Chômage précaire au Japon

Publié le par David Malinas


Il peut apparaitre redondant au premier abord de parler de chômage précaire. Cette période de non-emploi correspond nécessairement à une période de fragilité sociale. Elle ne touche cependant pas tous les individus de la même manière.
Une étude réalisée en 2002 au Japon (Bureau des Statistiques, Shûgyô kibô jyôkyô chôsa (enquête sur les demandeurs d'emplois), 2002, http://www.stat.go.jp/data/kibou/index.htm consulté le 23/10/2006)permet de rappeler la précarité qui s'attache au chômage et les facteurs qui peuvent aggraver cette situation.

Le chômage précaire

En Octobre 2002, le nombre de chômeurs au Japon était de 3.31 millions. Plus de la moitié de cette population était sans ressource, c'est à dire qu'elle ne recevait ni salaire, ni assurance chômage, ni aide familiale et ne possédait pas d'autres sources de revenus (utilisation de l'épargne).

chômeurs                    A        B        C        D        E            F
en centaine de mille     200    280    700    100    1720    310
en pourcentage            6%    8.5%    21%    3%    52%    9.5%

Soit, A- salaire, B- retraite, pension, C- assurance chômage, D- Aide de la famille, E- sans ressource, F- autre( entreprise,ressource du capital)
Source: Bureau des Statistiques, Shûgyô kibô jyôkyô chôsa (enquête sur les demandeurs d'emplois), 2002, pourcentage de l'auteur

Les facteurs de précarité

Parmi les chômeurs, les jeunes (classe dâge des 15-24 ans) ont le risque le plus fort de précarité. Près des trois-quart de cette population sont sans ressource. La baisse du niveau de précarité pour les autres classes d'âge est la conséquence de l'accès à une assurance chômage lié à l'exercice d'un emploi lors de la période précédente. Le niveau de précarité demeure cependant fort jusqu'à 44 ans.

Classe                                 Pourcentage des personnes
d'âge                                    sans ressources
15-24                                   73%
25-34                                   57%
35-44                                   58%
45-54                                   36%
plus de 55                             24 %
Source: Bureau des Statistiques, Shûgyô kibô jyôkyô chôsa (enquête sur les demandeurs d'emplois), 2002, pourcentage de l'auteur.

La possibilité d'obtenir une assurance chômage apparait donc comme un facteur déterminant pour limiter la précarité de la période de chômage.

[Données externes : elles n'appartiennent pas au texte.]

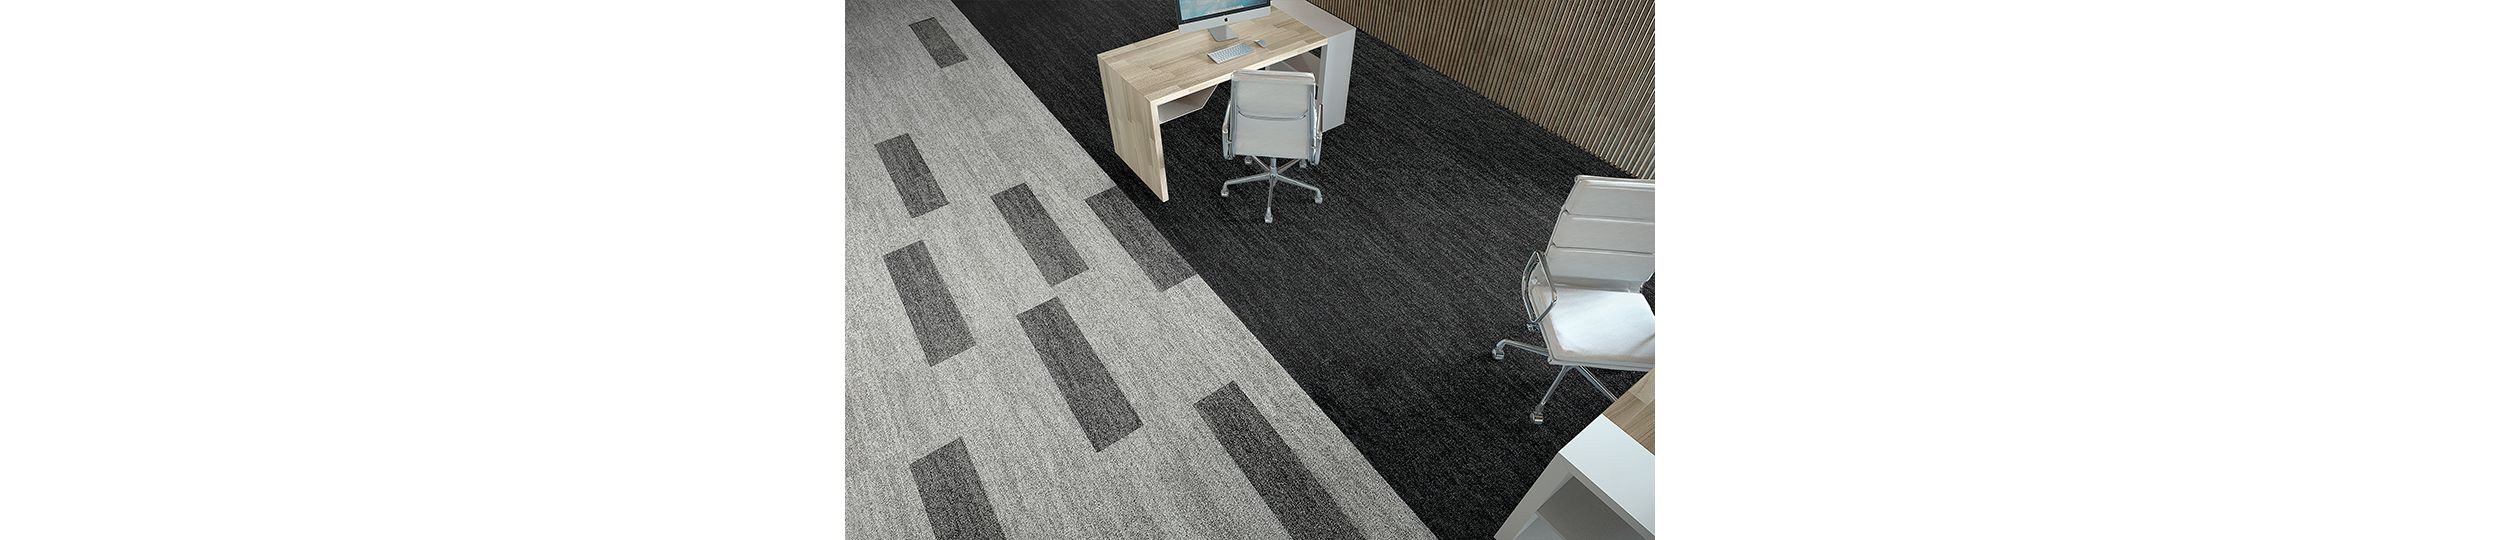 Interface Open Air 402 plank carpet tile in overhead view with small work desk and wood slat wall numéro d’image 5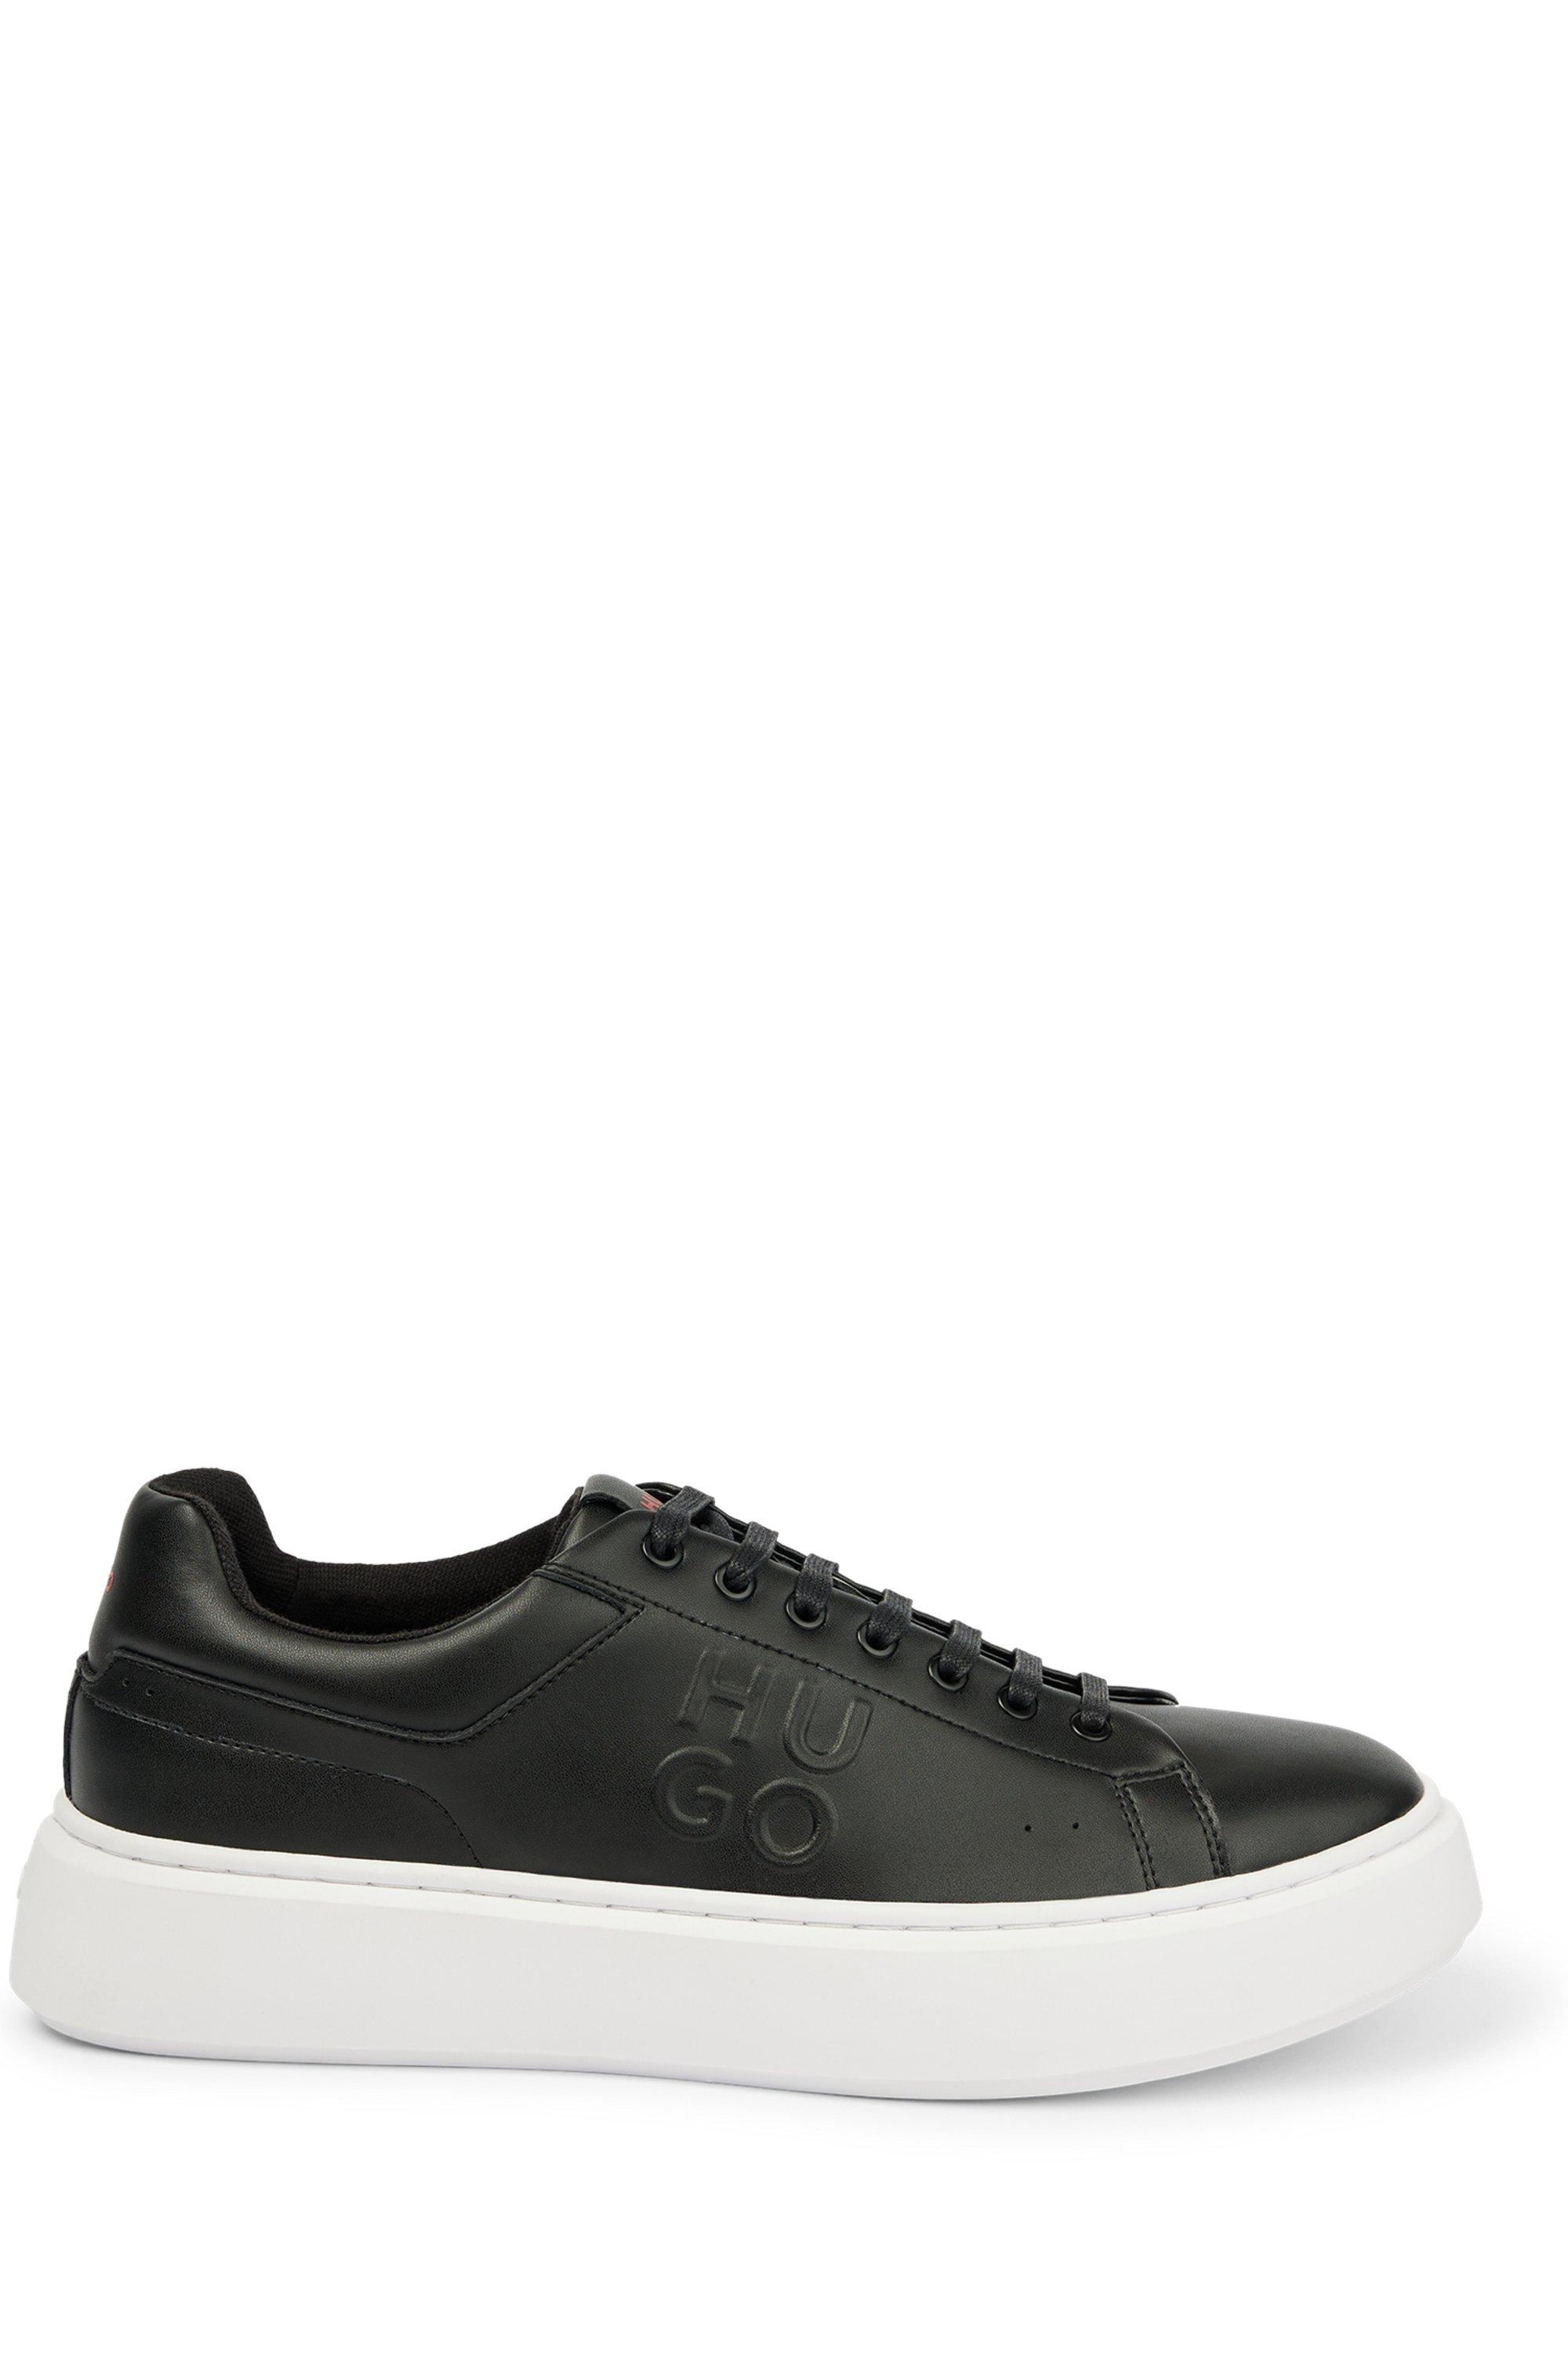 BOSS by HUGO BOSS Low-top Trainers With Debossed Stacked Logo in Black ...

Le type de contrat de travail, suivant qu'il assure ou non l'accès à une assurance chômage, est également déterminant pour limiter la précarité de la période de chômage. Plus de 52 pour cent des personnes qui avaient un emploi stable reçoivent encore des ressources de leur assurance chômage après trois ans de chômage. En revanche, 90 pour cent des personnes qui avaient un emploi précaire ne reçoivent plus de ressources de leur assurance chômage (mais en avaient-ils une ?).


                          Assurance chômage
                         après trois ans de chômage
                          Oui               Non
Emploi             770 000      720 000
Stable              52%             48%

Emploi            60 000         560 000
Précaire          10%             90%

Source : Bureau des Statistiques, Shûgyô kibô jyôkyô chôsa (enquête sur les demandeurs d'emplois), 2002. Pourcentage de l'auteur.

Et aujourd'hui ?

L'année 2002 a correspondu a un pic d'augmentation du chômage qui s'est établi à 5.4 pour cent de la population active. Depuis, l'économie japonaise est repartie dans un cycle durable de croissance et en 2005, le taux de chômage était d'un point inférieur, à 4.4 pour cent.  Cette baisse vertueuse s'est confirmée jusqu'à aujourd'hui et le taux de chômage d'août 2007, dernier chiffre officiel accessible, s'établit à 4.1 pour cent. La baisse du taux de chômage est sans conteste la meilleur manière de lutter contre la précarité qu'il représente.
Il apparait néanmoins, que les formes d'emploi sur lesquels reposent cette nouvelle réussite n'est pas sans faire disparaitre le risque de chômage ou de chômage précaire. En effet, le recours désormais massif aux contrats de travail atypiques (temps partiels, durée déterminée) rend désormais plus présent le risque de se retrouver au chômage, pendant des périodes plus ou moins courtes. Enfin, le chômage précaire qui représentait déjà un pourcentage significatif de la population au chômage en 2002, risque également d'augmenter - sinon d'avoir augmenté - notamment du fait de l'absence - ou de la faiblesse de de la couverture - de l'assurance chômage pour les contrats atypiques.